The challenge devised by die-hard opponents of the law relied on four words — “established by the state” — in the more than 900-page law.
The law’s opponents argued that the vast majority of people who now get help paying for their insurance premiums are ineligible for their federal tax credits. That is because roughly three dozen states opted against creating their own health insurance marketplaces, or exchanges, and instead rely on the federal healthcare.gov to help people find coverage if they don’t get insurance through their jobs or the government.
In the challengers’ view, the phrase “established by the state” demonstrated that subsidies were to be available only to people in states that set up their own exchanges.
The administration, congressional Democrats and 22 states responded that it would make no sense to construct the law the way its opponents suggested. The idea behind the law’s structure was to decrease the number of uninsured. The law prevents insurers from denying coverage because of “pre-existing” health conditions. It requires almost everyone to be insured and provides financial help to consumers who otherwise would spend too much of their paycheck on their premiums.

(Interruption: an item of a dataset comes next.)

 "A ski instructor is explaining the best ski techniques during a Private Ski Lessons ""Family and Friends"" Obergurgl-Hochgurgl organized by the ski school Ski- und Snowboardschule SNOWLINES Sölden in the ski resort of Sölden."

The point of the last piece, the subsidies, is to keep enough people in the pool of insured to avoid triggering a disastrous decline in enrollment, a growing proportion of less healthy people and premium increases by insurers.

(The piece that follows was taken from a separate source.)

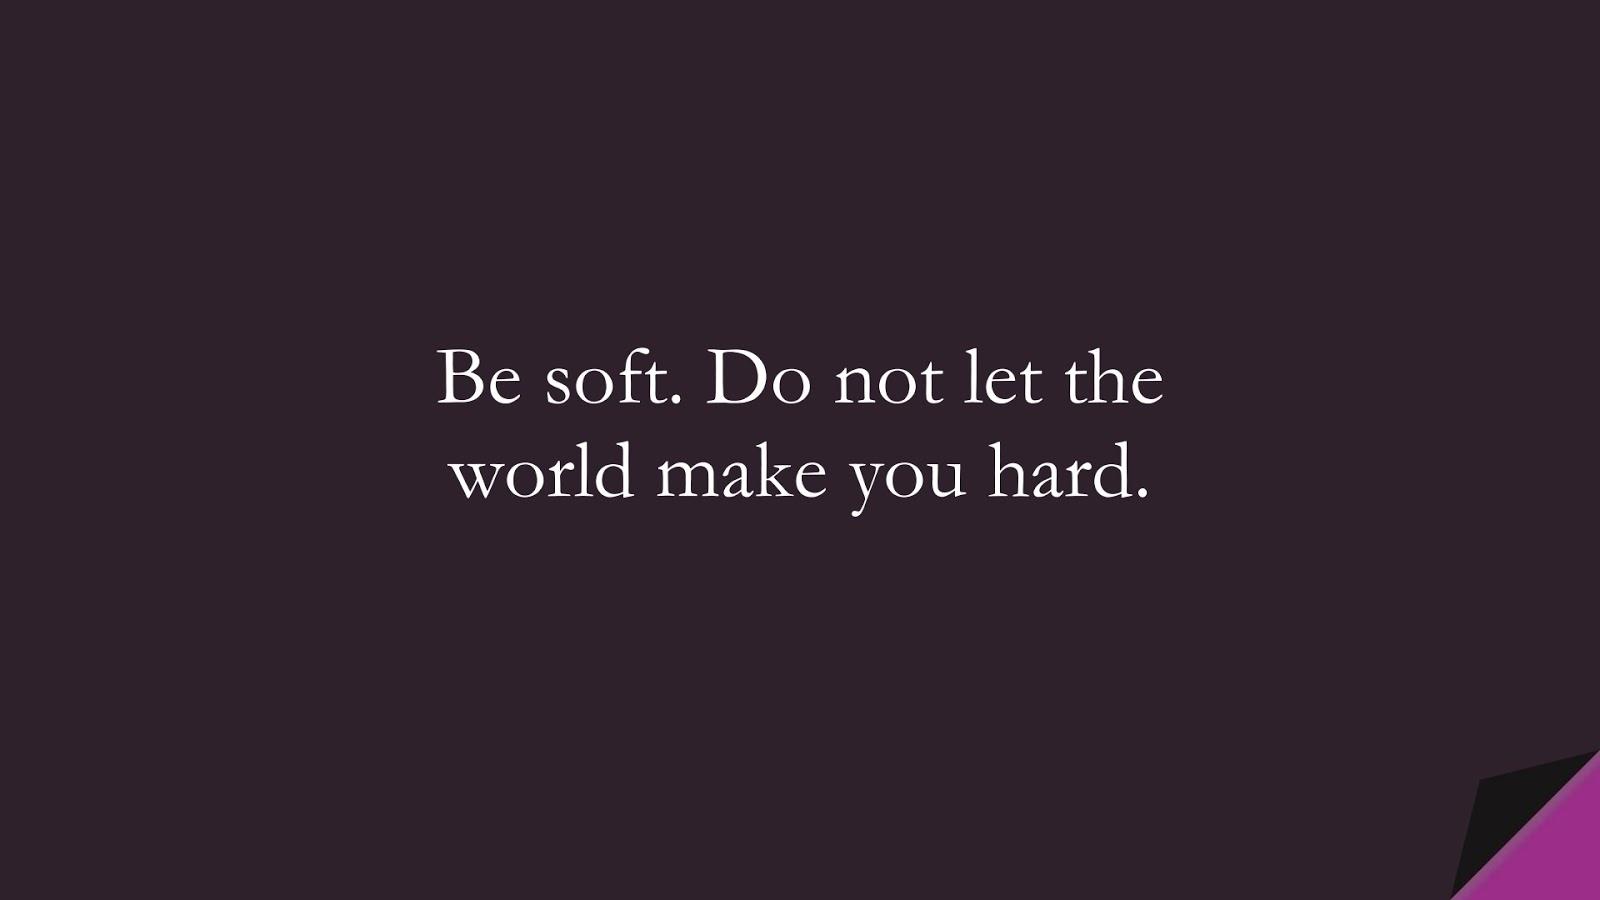 Be soft. Do not let the world make you hard.FALSE

Several portions of the law indicate that consumers can claim tax credits no matter where they live. No member of Congress said that subsidies would be limited, and several states said in a separate brief to the court that they had no inkling they had to set up their own exchange for their residents to get tax credits.
The 2012 case took place in the midst of Obama’s re-election campaign, when Obama touted the largest expansion of the social safety net since the advent of Medicare nearly a half-century earlier. But at the time, the benefits of the Affordable Care Act were mostly in the future. Many of its provisions had yet to take effect.
In 2015, the landscape has changed, although the partisan and ideological divisions remain for a law that passed Congress in 2010 with no Republican votes.
The case is King v. Burwell, 14-114.